Sunday, July 16, 2006

Another day, another attack


When a people support a government that does bad things, is it all right to hold the people responsible?
by John in DC - 7/16/2006 10:19:00 PM

It's a question much bigger than Lebanon:

The Western-backed, anti-Syrian prime minister Fuad Saniora held back tears as he vowed on Lebanese television Saturday night to curb the guerrillas, desperate to stop Israel's onslaught.

But on Sunday, President Emile Lahoud — a pro-Syrian and an ally of Hezbollah — pronounced that Lebanon "will not surrender" to Israel's attempts to batter it into submission.

Few believe Saniora could move against Hezbollah without throwing the country into further turmoil. The army he would have to send into the south has many Shiite members, who might balk at fighting their brethren in the guerrilla force. The country's large Shiite population would be outraged.

Peolpe like to talk, especially, I've found, in Europe and the Middle East, about how they hate the US government but like the American people. They say you can't hold a people responsible for what its government does. That's always struck me as odd, since we live in a democracy where the people are the government, and in the case of Bush, 50% or more of the American people, up until recently, supported the man's folly.

When the people support the government, as in this case the Shia in Lebanon likely don't want the government clamping down on Hezbollah and its missile attacks on Israel, at what point are the people responsible for the actions of their own government, and at what point should they be held responsible for those actions?

Meaning, if Hezbollah missiles are killing Israelis, and Hezbollah's actions are supported by Lebanon's Shia population, doesn't Israel have the right to retaliate against the Shia in Lebanon? At the very least against their utilities and their roads? Putting aside the wisdom geo-politically of such action, morally isn't it any country's right to strike back?

Or, if the you think that the Shia in Lebanon don't share responsibility, then do you also believe that Americans who supported Bush, and who voted for him twice, and who supported the war in Iraq don't share any of the blame for the mayhem Bush has unleashed over the past six years?

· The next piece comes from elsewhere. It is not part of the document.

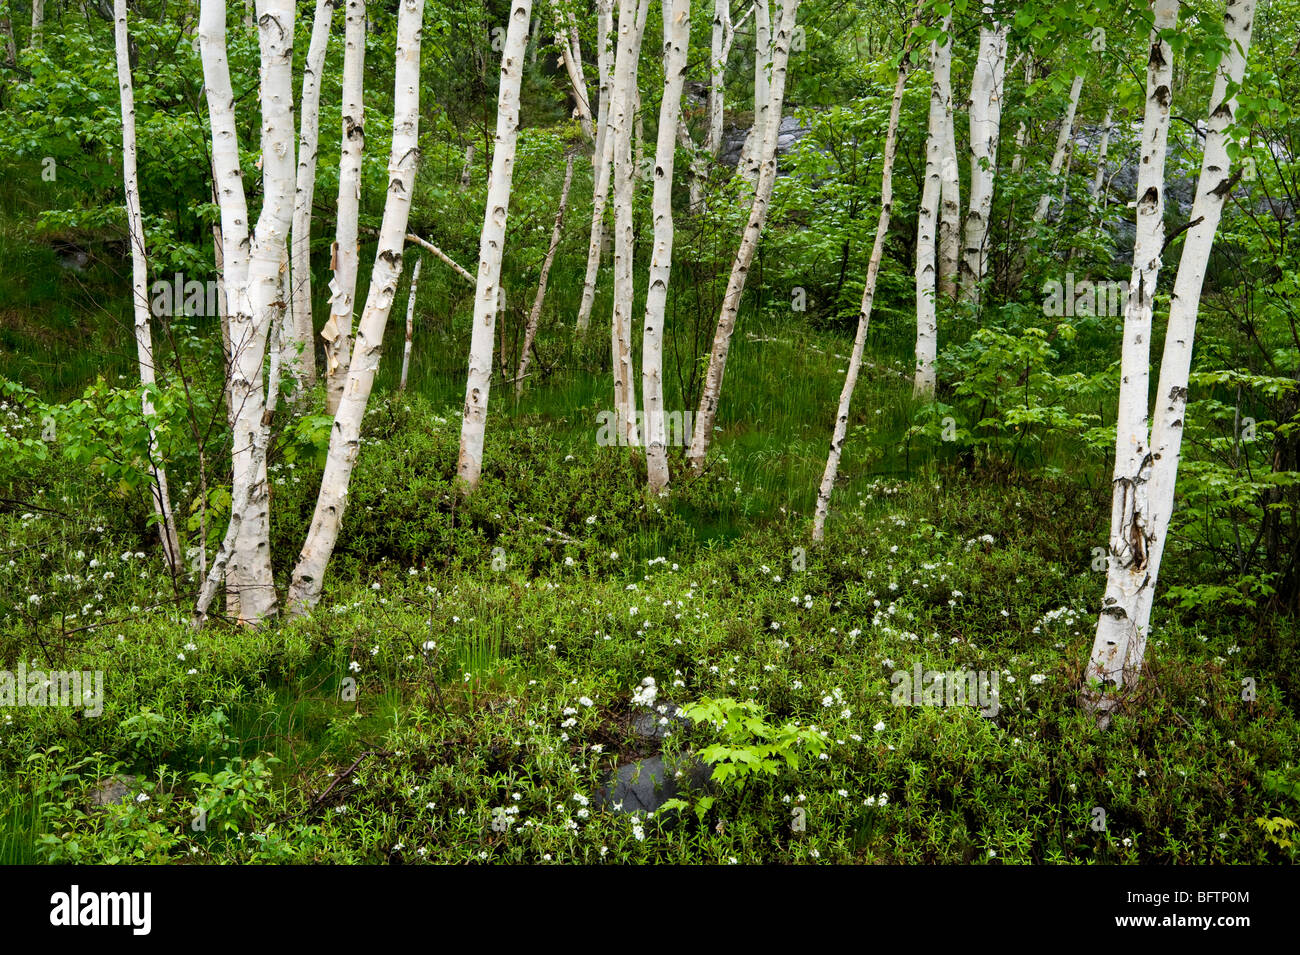 Grove of white birch trees and flowering Labrador tea in spring, Greater Sudbury, Ontario, Canada - Stock Image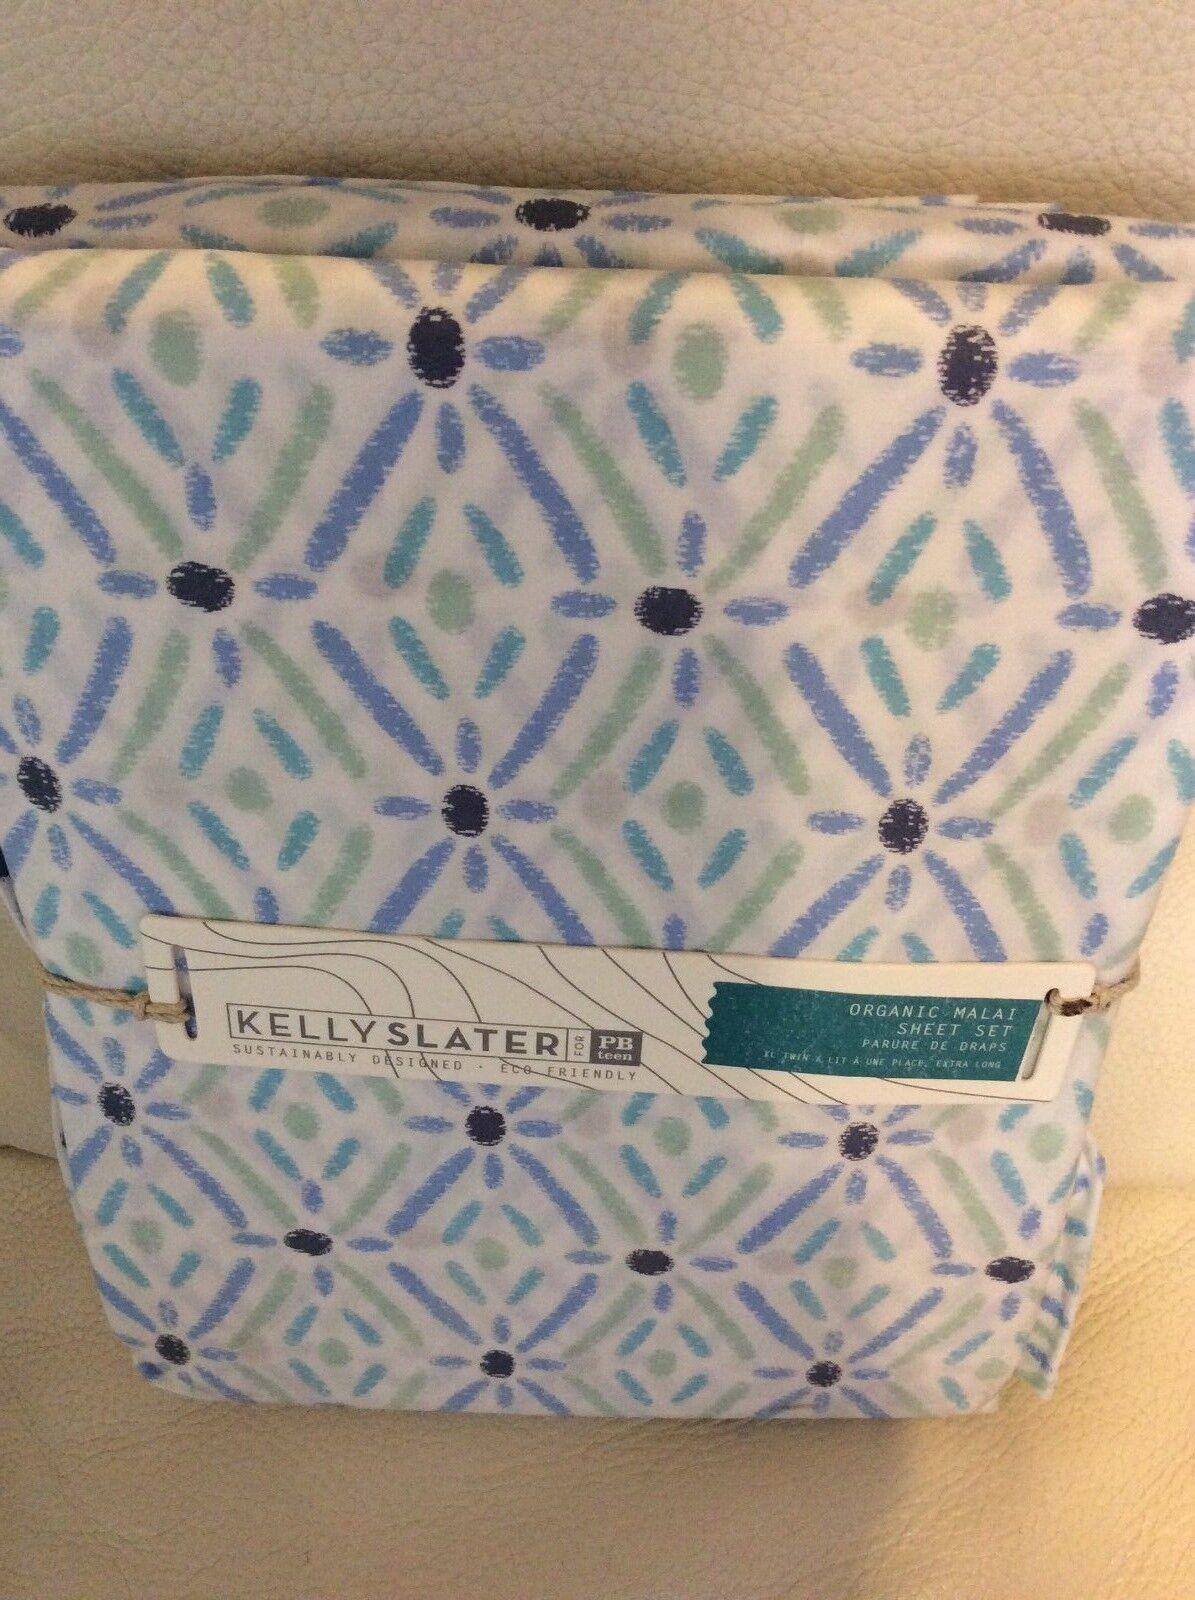 Pottery Barn Teen Kelly Slater Organic Malai XL Twin Twin Sheet Set  NWT

Funny, this is the logic which made Osama Bin Laden a war criminal.

He thought Americans were responsible for the suffering of the Muslim world and then, one perfect end of summer day, the World Trade Center was blown to shit. They're still burying the dead from that day and looking for their bones.

So, no, the Lebanese are not collectively responsible for Hezbollah, nor are the the Christian Lebanese being killed as well.

Hezbollah has an army, and bases, and they aren't at the Beirut airport, or the power station or in a fleeing convoy of civilians. And the IDF isn't stationed at the center of Haifa or Tel Aviv. Killing civilians to make a point is despicable on either side. But to bomb Beirut to force a civil war, the same civil war they couldn't force on the Palestinians, is a doomed policy.

The Israelis can talk now, or after a few hundred dead, their choice.